119. SIMPSON, William.  A private journal kept during the Niger Expedition , from the commencement in May 1841, until the recall of the expedition in June, 1842.  London, John F. Shaw, 1843.

8vo (21.5 x 13 cm), pp. xii, 139; original brown, blind-stamped cloth, some wear to the head and foot of spine, gilt lettering to spine rubbed and dulled.  £500

First edition.  The author, for many years a merchant based in Cartagena and a frequent visitor to the West Indies, volunteered his services, as a civilian, to the Niger Expedition of 1841-2. The British Government had hoped to establish small forts along the banks of the Niger, allowing officials to preside over the enforcement of anti-slavery treaties, promote British commercial interests and support Christian enterprises throughout the Niger Basin.  Simpson was a staunch supporter of the abolition movement and joined the expedition for both religious and philanthropic reasons. In May, 1841, he sailed for Africa in the Wilberforce, along with two other vessels, the Albert and the Soudan. The expedition parties penetrated branches of the Niger and succeeded in entering negotiations with several chiefs.  However, the expedition was curtailed after the crews of all three ships were severely affected by fever; of the 303 crew, 53 died, 49 of which were Europeans. Simpson's journal records the course taken by the Wilberforce, the expedition's contact with the local inhabitants and, documents the deterioration of the crew's health (see Christopher Lloyd, The Search for the Niger, pp. 146-160.




120. SOLOMON, Saul, [publishers]. The progress of His Royal Highness Prince Alfred Ernest Albert through the Cape Colony, British Kaffraria, the Orange Free State, and Port Natal, in the year 1860. Cape Town, Saul Solomon & Co., 1861.
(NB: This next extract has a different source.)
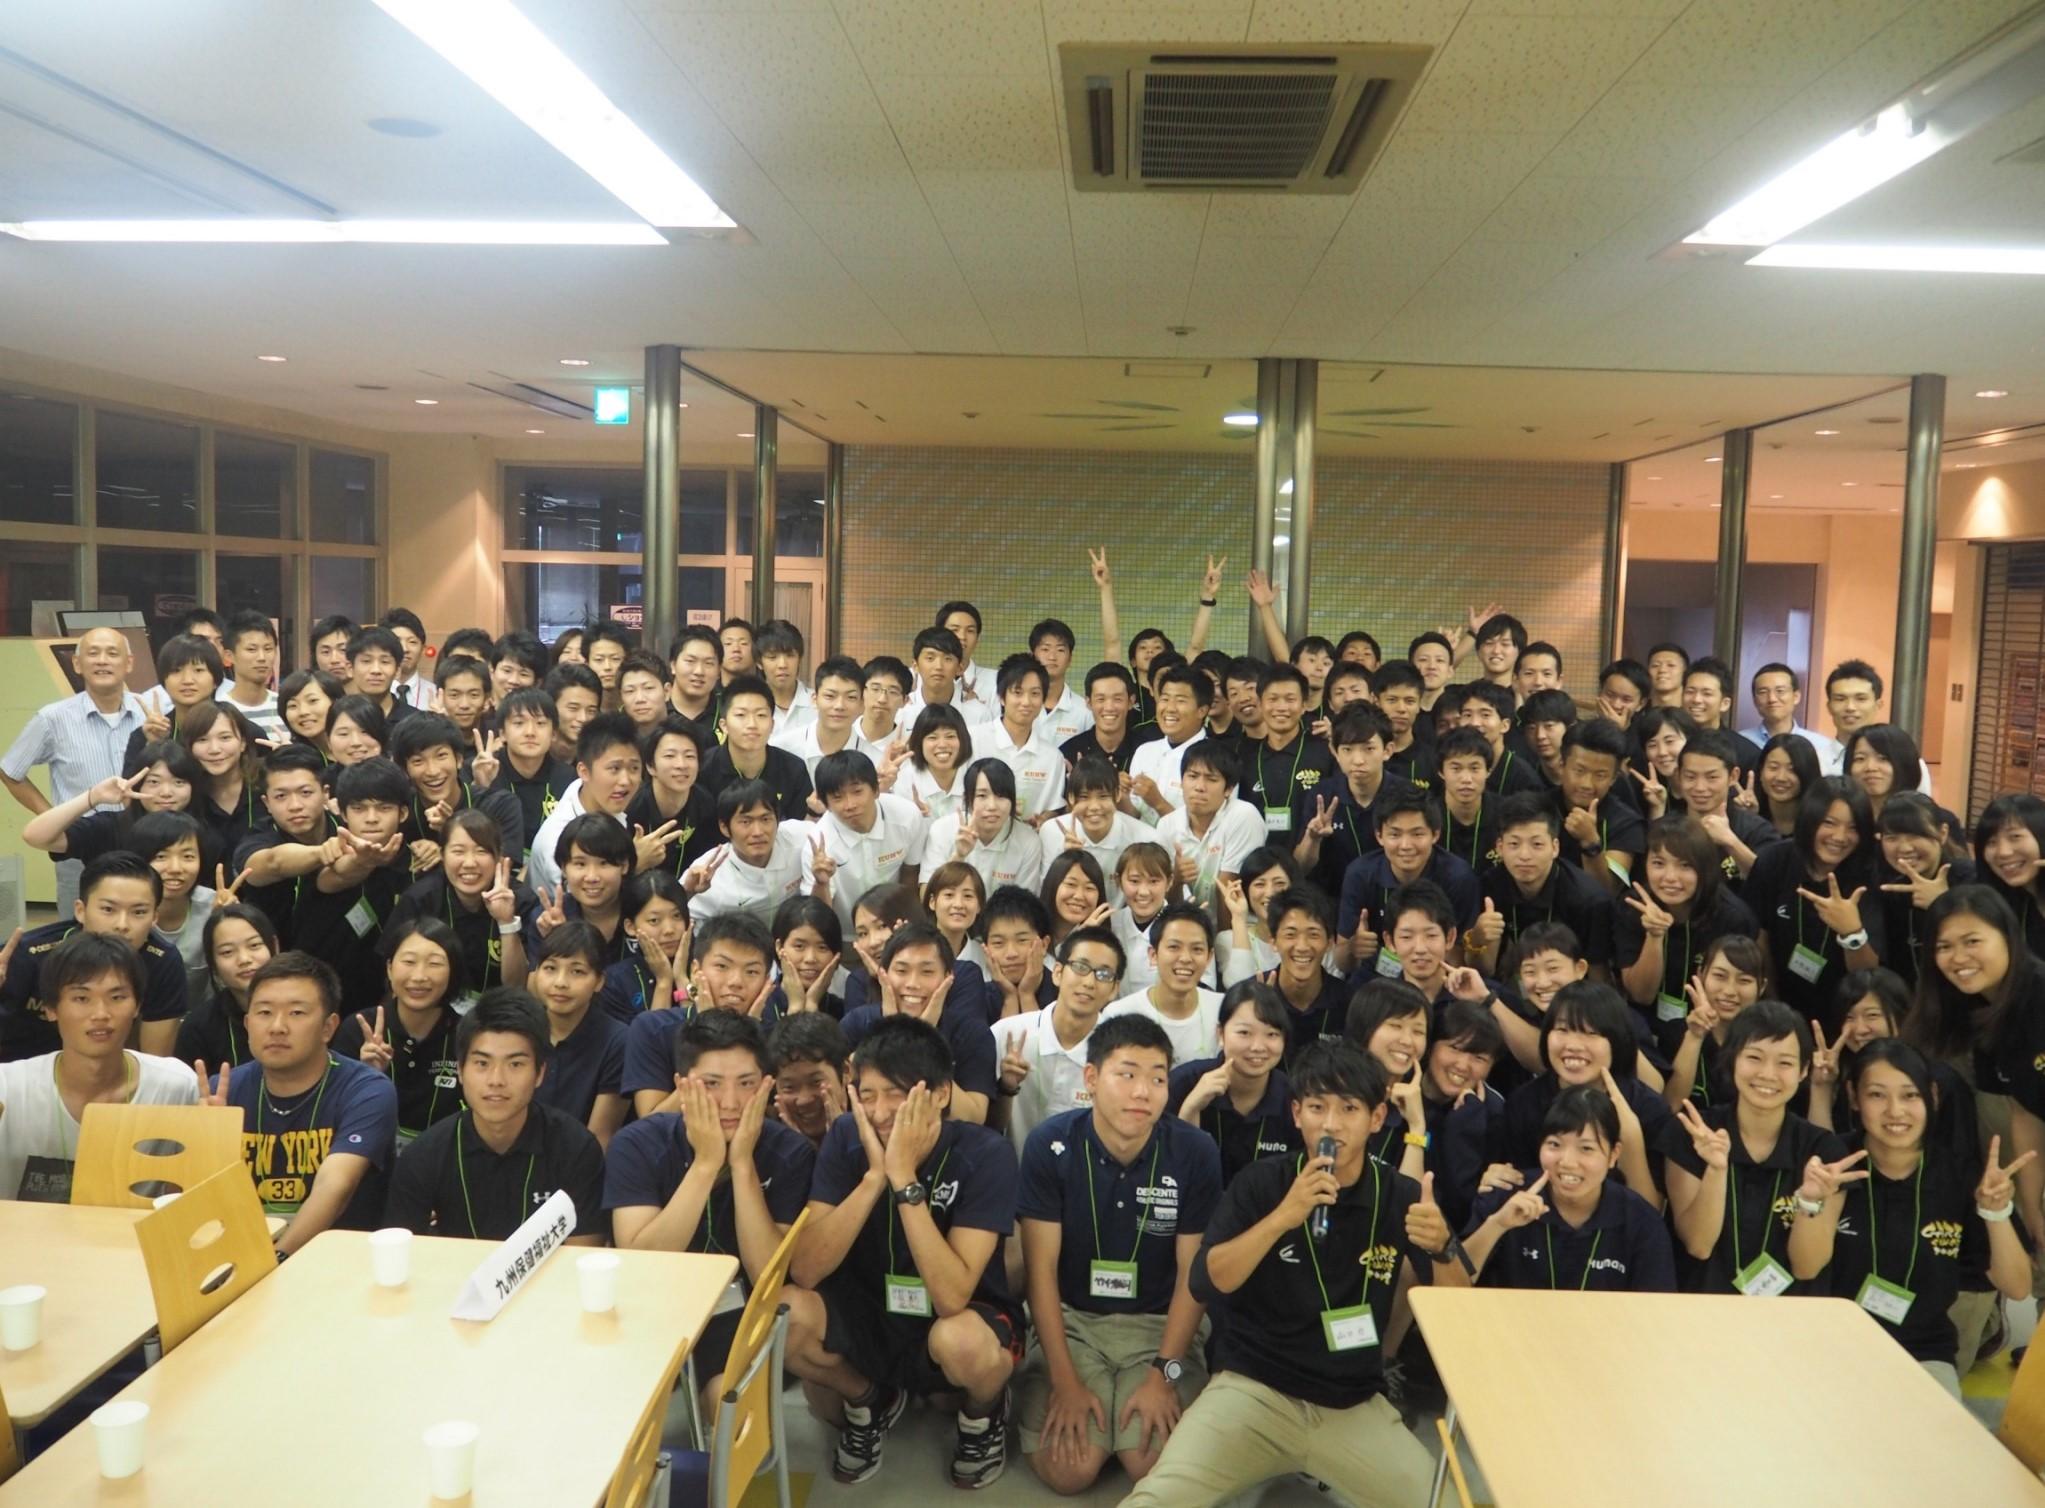 集合写真.九州集い2016.jpg
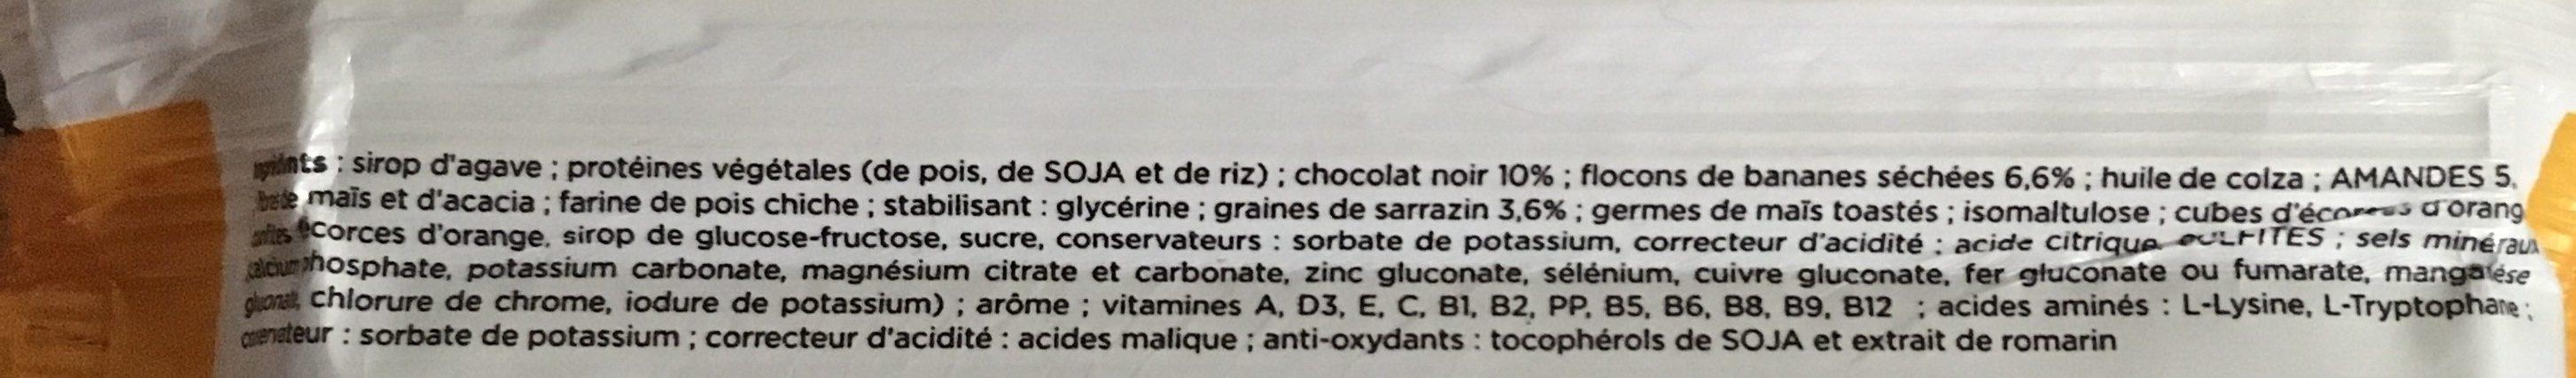 Feed barre banane chocolat - Ingrédients

4to (27.5 x 22 cm), pp. [11] half-title with photographic vignette, [xii], 180, with 16 photographic (albumen print) plates; small stain to the half-title and title-page, foxing to pp. v-vi; 20th century morocco, raised bands to spine; covers a little bowed.  £800

First edition.  Whilst the author remains officially anonymous, it is thought that Roderick Noble may have penned the text.  Includes views of Cape Town, Queen's Town, the Berg River Valley, the Prince with his first Wildebeeste, and photographs of works by Thomas Baines.  Mendelssohn (1979) III, p. 750; Theal p. 242.




121. [SOMALI TRIBES.] European captives among the Somali tribes of Eastern Africa. London, Harrison & Sons, September, 1869.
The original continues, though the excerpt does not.